My aunt and my grandmother came to visit me for a few days this summer when the Nats were on the road. While I was disappointed that I wouldn’t be able to bring them to one of our games, my Red Sox were visiting the O’s, so I got in touch with a former coworker that now works up at Camden. He owed me a favor (I had gotten him two seats for the Strasburg debut!), so he set us up in an outfield suite for the weeknight game.

I have to preface this story: My grandmother, who raised me, is a singular human being. My friends like her more than they do me. She knows all the gossip about who is seeing who, who’s coming home for holiday break, etc. She was on AOL Instant Messenger back when that was cool and spends a good portion of her time now on Facebook. She’s the best person I know and I wouldn’t be where I was today without her.

Anyway, I don’t know why it never dawned on me to take her to a game before (we have a 10-game package with the Red Sox), but as I watched her go to her first game in more than 30 years, I felt like the Grinch when his heart grew three times the size. I remarked that it felt like Christmas, but I couldn’t figure out why. It was that feeling you get around the holidays that just seems to fill you from the inside. I couldn’t shake it.

While she’s not a huge sports fan, my grandmother has always tried to care about the things that we did, and she cheered at (mostly!) apropriate times. As much as none of us wants to admit it, she’s getting older and probably couldn’t have sat through the whole game if she hadn’t been able to go inside the suite at times. I felt so proud that I was at a point in my career, in my life, that I could share something like that, something I cared so much about, with her. And I realized that moments like this are why I do my job.

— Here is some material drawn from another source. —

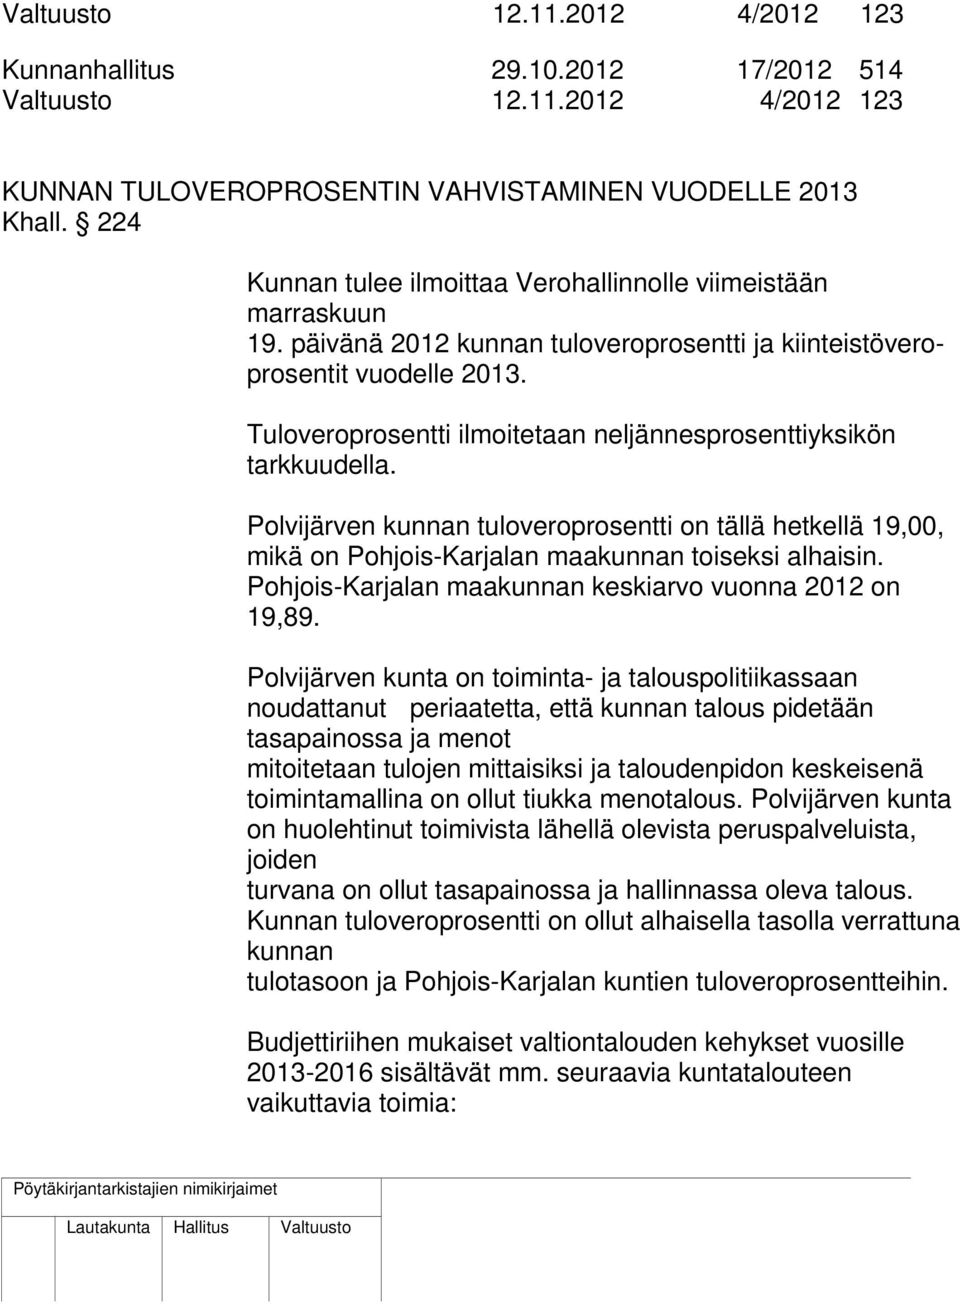 Tuloveroprosentti ilmoitetaan neljännesprosenttiyksikön tarkkuudella. Polvijärven kunnan tuloveroprosentti on tällä hetkellä 19,00, mikä on Pohjois-Karjalan maakunnan toiseksi alhaisin.
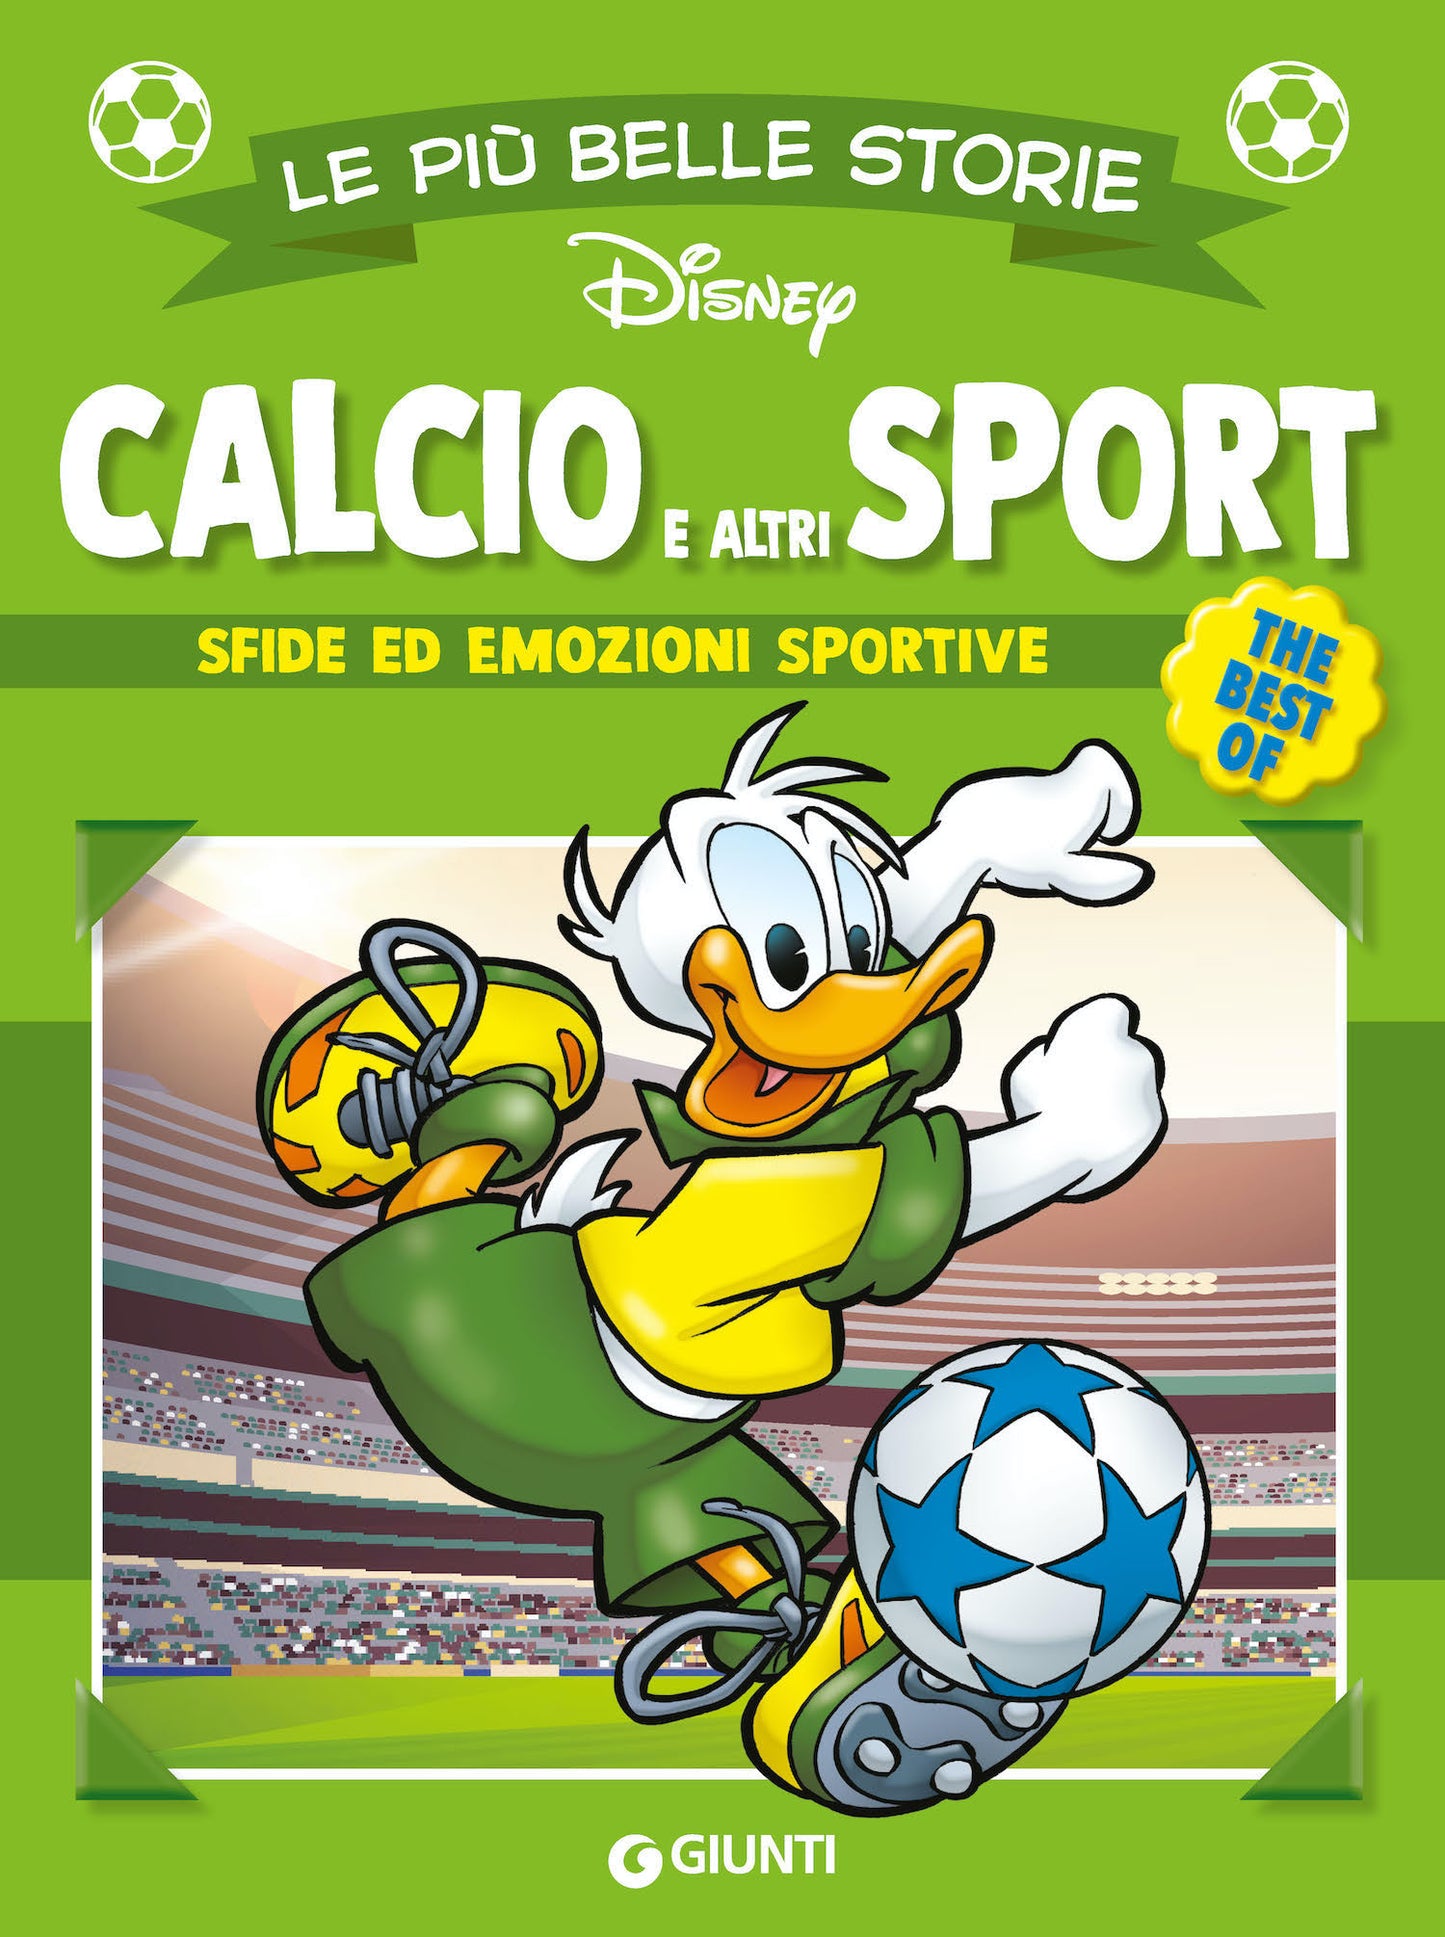 Calcio e altri sport Le più belle storie Disney The best of::Sfide ed emozioni sportive

I want other people to feel the way that I did that day. Whether it’s pride, whether it’s love, whether it’s just enjoying a night out at the Ballpark with the people you care about most. Baseball, for me anyway, is about tradition, and family. It’s timeless in the way that it transcends generations. And the fact that I got to share that with the person who is most important to me in the world, tells me that I’m on the right track. That I must be doing something right. Sometimes, especially when you’re on the business side of something you love, you can lose sight of why it mattered so much in the first place.

My grandmother gave me baseball back that day.

I’ll add that to the growing list of things I owe her for.

  • Great post! Thanks for sharing! I feel the same way about my grandma!